**SUPPLIED RECORDS:**
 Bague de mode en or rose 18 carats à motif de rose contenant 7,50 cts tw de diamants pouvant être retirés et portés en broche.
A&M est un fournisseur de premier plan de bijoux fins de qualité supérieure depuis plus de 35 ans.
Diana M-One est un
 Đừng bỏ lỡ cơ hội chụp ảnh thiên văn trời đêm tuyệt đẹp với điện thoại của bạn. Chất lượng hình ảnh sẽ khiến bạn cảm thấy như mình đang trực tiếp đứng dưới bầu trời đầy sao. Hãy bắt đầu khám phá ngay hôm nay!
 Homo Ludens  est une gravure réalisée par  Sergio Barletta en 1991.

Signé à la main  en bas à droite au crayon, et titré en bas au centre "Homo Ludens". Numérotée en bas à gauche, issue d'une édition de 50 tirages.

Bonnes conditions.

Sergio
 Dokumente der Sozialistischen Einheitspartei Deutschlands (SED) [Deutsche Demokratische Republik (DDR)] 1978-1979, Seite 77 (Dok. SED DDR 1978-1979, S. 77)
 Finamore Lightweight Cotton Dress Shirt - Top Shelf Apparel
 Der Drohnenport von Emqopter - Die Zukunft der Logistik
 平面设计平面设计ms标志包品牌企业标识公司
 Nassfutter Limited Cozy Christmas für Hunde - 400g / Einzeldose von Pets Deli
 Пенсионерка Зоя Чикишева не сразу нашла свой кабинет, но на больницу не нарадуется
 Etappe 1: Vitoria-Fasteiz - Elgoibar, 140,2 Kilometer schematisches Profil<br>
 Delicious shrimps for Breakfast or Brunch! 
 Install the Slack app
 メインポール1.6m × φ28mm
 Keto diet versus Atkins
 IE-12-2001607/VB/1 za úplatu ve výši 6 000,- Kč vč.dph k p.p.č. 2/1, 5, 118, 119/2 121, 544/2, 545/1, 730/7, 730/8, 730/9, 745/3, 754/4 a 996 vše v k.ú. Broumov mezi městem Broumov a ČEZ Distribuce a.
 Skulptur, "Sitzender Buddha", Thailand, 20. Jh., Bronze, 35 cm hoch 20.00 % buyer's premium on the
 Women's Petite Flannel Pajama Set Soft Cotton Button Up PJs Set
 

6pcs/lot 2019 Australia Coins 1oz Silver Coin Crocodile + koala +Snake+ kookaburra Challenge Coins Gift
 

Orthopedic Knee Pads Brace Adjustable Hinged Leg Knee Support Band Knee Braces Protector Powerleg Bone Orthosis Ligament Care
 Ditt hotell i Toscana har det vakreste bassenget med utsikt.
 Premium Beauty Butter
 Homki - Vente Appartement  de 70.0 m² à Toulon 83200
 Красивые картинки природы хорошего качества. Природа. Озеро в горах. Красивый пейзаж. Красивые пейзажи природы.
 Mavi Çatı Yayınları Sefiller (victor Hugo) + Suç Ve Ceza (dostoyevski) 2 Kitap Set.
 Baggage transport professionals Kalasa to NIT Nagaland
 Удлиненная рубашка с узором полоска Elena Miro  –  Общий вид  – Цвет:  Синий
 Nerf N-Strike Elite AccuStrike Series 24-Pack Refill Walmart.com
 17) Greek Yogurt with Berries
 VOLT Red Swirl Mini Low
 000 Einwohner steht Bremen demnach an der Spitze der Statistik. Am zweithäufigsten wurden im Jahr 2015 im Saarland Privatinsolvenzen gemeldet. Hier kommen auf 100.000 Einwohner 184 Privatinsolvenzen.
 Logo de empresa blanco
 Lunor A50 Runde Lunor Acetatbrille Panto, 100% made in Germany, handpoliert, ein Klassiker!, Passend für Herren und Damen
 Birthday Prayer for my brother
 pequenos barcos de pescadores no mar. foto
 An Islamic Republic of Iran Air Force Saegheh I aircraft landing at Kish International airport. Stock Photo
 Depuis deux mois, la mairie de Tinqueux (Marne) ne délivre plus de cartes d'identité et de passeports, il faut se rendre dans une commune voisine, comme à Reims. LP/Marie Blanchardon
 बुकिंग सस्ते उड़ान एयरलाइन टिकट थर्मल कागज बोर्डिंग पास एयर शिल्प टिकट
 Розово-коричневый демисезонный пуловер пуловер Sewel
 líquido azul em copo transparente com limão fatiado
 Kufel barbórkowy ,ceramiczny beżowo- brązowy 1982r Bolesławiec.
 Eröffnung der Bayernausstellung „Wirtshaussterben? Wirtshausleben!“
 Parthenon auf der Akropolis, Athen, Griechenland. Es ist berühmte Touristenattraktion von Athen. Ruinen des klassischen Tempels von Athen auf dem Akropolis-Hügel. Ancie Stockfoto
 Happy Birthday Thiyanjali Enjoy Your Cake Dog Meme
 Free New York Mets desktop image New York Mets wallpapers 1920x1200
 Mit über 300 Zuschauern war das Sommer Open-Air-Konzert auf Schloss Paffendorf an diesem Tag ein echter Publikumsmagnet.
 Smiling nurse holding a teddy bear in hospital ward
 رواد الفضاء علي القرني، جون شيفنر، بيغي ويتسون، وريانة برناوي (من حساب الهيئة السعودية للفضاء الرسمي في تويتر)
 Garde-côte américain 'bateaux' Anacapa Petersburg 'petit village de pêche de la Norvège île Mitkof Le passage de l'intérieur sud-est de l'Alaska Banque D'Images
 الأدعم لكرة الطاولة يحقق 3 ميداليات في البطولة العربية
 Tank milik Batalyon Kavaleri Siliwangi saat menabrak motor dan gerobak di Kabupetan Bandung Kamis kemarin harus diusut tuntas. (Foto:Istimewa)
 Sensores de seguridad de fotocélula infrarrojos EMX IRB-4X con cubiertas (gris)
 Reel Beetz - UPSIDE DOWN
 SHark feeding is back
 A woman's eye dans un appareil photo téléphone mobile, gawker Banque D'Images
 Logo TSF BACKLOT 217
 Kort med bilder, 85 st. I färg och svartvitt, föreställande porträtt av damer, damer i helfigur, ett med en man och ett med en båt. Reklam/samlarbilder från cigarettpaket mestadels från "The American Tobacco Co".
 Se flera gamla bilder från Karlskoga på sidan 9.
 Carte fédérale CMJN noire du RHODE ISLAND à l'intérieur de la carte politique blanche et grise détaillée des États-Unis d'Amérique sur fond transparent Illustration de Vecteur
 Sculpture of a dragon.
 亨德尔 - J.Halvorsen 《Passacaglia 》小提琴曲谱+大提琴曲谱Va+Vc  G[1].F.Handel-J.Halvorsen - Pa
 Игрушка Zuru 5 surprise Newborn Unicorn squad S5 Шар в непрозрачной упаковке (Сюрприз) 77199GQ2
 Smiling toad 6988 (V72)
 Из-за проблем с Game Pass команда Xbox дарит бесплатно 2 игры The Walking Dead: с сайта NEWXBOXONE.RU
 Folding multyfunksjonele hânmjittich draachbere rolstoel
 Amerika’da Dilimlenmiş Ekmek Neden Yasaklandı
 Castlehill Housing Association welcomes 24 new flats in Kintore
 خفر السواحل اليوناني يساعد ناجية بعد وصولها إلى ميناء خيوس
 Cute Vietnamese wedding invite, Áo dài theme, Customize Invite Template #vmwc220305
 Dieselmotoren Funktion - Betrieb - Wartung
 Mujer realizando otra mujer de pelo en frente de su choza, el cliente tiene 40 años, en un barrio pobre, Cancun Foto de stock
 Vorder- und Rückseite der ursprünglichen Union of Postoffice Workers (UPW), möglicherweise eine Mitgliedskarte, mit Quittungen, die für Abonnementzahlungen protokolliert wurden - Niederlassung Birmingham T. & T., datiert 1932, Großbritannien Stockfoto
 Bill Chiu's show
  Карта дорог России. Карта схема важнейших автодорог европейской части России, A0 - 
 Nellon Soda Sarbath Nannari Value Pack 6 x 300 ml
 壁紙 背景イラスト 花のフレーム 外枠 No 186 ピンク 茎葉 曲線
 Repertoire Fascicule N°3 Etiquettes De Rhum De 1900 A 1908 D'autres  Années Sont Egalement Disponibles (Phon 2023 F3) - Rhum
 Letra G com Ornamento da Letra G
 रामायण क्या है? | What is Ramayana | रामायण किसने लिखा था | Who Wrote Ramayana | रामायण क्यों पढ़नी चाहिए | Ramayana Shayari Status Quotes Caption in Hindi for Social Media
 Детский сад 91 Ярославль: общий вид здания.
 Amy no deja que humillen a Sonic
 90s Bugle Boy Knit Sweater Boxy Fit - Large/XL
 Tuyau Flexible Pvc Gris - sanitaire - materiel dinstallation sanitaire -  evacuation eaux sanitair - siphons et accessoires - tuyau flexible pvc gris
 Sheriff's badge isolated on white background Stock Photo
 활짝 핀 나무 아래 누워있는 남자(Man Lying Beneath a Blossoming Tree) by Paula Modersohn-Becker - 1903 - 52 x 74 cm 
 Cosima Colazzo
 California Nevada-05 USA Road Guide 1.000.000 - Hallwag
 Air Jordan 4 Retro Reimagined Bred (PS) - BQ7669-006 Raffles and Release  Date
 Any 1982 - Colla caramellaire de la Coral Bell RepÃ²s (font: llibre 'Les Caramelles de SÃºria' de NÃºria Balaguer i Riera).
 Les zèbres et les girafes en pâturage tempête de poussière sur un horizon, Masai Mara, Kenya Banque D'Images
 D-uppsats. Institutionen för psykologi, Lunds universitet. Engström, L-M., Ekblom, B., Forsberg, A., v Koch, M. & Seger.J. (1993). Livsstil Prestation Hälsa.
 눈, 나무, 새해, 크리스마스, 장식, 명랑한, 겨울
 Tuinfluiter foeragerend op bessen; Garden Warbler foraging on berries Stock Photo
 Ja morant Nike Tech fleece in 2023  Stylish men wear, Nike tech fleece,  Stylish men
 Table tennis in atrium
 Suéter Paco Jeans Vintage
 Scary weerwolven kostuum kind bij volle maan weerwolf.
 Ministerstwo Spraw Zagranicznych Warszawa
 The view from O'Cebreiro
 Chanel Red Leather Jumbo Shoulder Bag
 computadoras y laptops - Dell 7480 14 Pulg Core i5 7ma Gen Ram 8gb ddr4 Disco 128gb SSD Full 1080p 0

**YOUR INSTRUCTIONS:**
Return only those lines of the records that contain the string "från".

**YOUR SOLUTION:**
 Kort med bilder, 85 st. I färg och svartvitt, föreställande porträtt av damer, damer i helfigur, ett med en man och ett med en båt. Reklam/samlarbilder från cigarettpaket mestadels från "The American Tobacco Co".
 Se flera gamla bilder från Karlskoga på sidan 9.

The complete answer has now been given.